I was very wrong. Leaving behind a product I'd owned for the last 7 years and a role I'd grown into, hiring a replacement, onboarding said replacement and handing over 7 years' worth of knowledge while simultaneously onboarding to FoundryOS and learning new languages, frameworks and concepts was a ridiculous challenge. I found myself unable to cope with the constant context switching and mountains of new information to take in.
In a fit of desperation, I thought, "What if I use an AI bot to help me?" In the intervening years between my outburst at a town hall and joining the FoundryOS team, AI models had come a long way. Vibe-coding had become a thing, although it probably shouldn't have. Friends of mine were using AI to write their emails, make their presentations, even write their code for them. Why not give it a try?
I signed up for a Copilot plan on GitHub, set it up in VSCode and started asking it questions. The answers were largely good, too. I used it as a memory aid during my transition period between roles, where I was effectively working two jobs at once, each with its own entirely different tech stack. I used it to sanity-check my first commits for FoundryOS; it suggested useful tweaks and fixes. I even used it to write the framework for my transition plan from 11:FS to FoundryOS!

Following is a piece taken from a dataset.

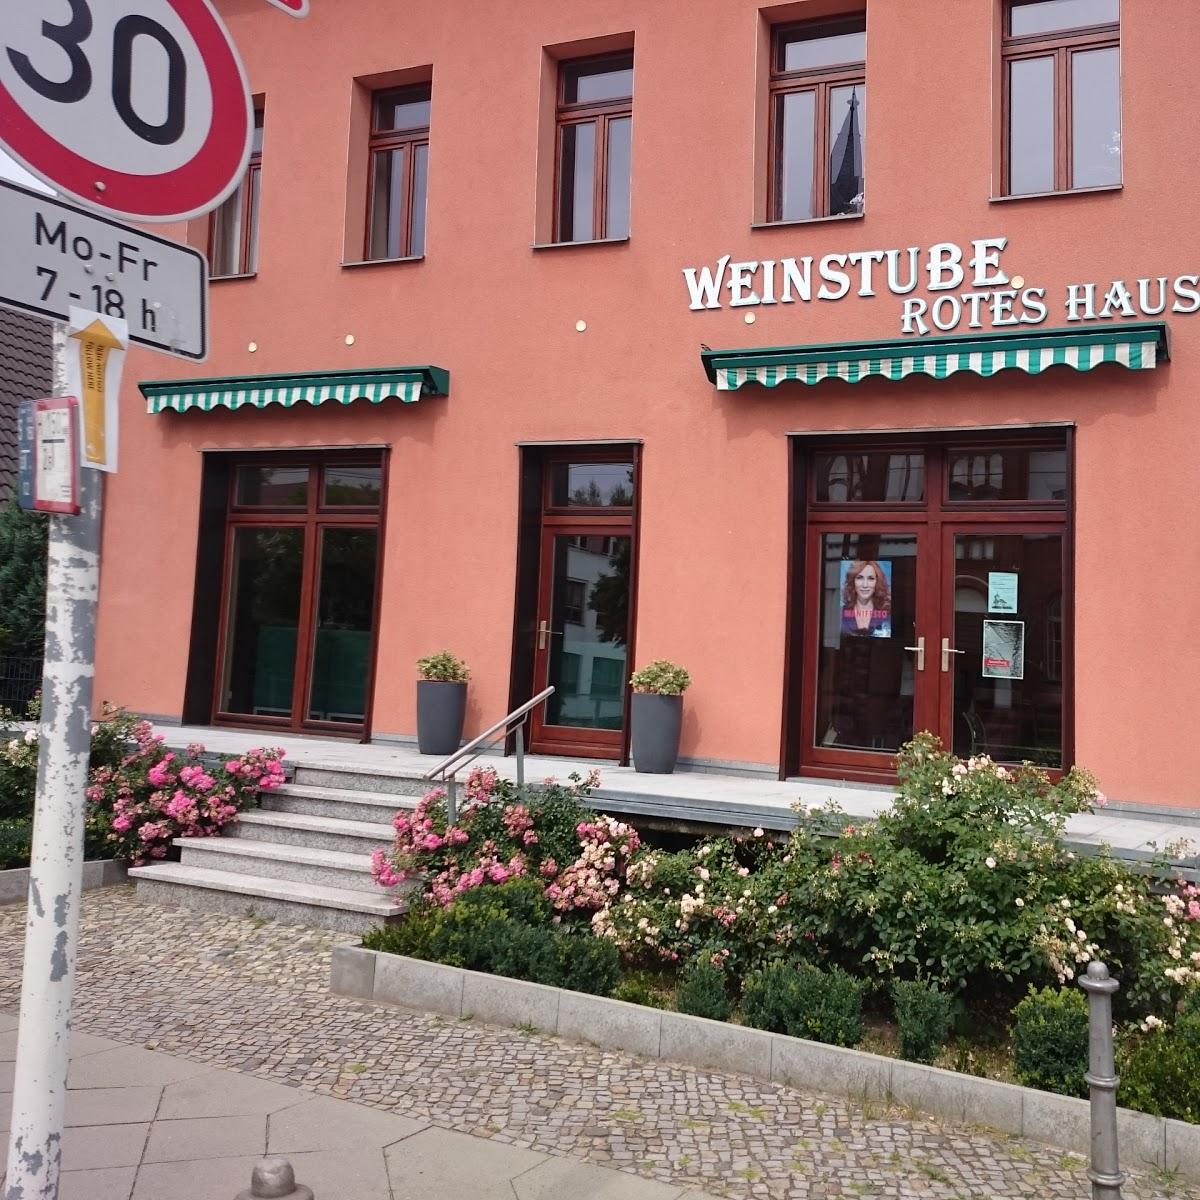 Restaurant "Weinstube Rotes Haus" in Berlin

Another tool in the toolbox
Since then, I've accepted that AI models have a useful part to play in modern life. I am still sceptical of the wild claims that Silicon Valley companies make for their AI products, and I worry about the energy usage of data centres packed full of GPUs, inhaling vast amounts of power and water. I'm concerned for people whose roles will be replaced by AI and I'm not convinced that doing so will lead to the hoped-for efficiencies.
My feelings on AI have evolved, then. I now consider it another tool to be used to help solve problems, but with some caveats. I think it's critical that you don't use AI to do all of your work for you but instead use it as a virtual colleague that you can brainstorm ideas with and ask questions to. A co-pilot, you might say. (sorry!)
There still needs to be human knowledge and experience applied to the output from these AI models. They're still not intelligent. From the perspective of a software engineer, you have to understand the code that they return and challenge and correct it when the model inevitably makes mistakes or hallucinates an API that doesn't exist.
With all that said, I wouldn't have been able to do my job effectively this year without using AI tools, and back in 2022 I never thought I'd say such a thing. AI is here to stay, and I'm a reluctant convert.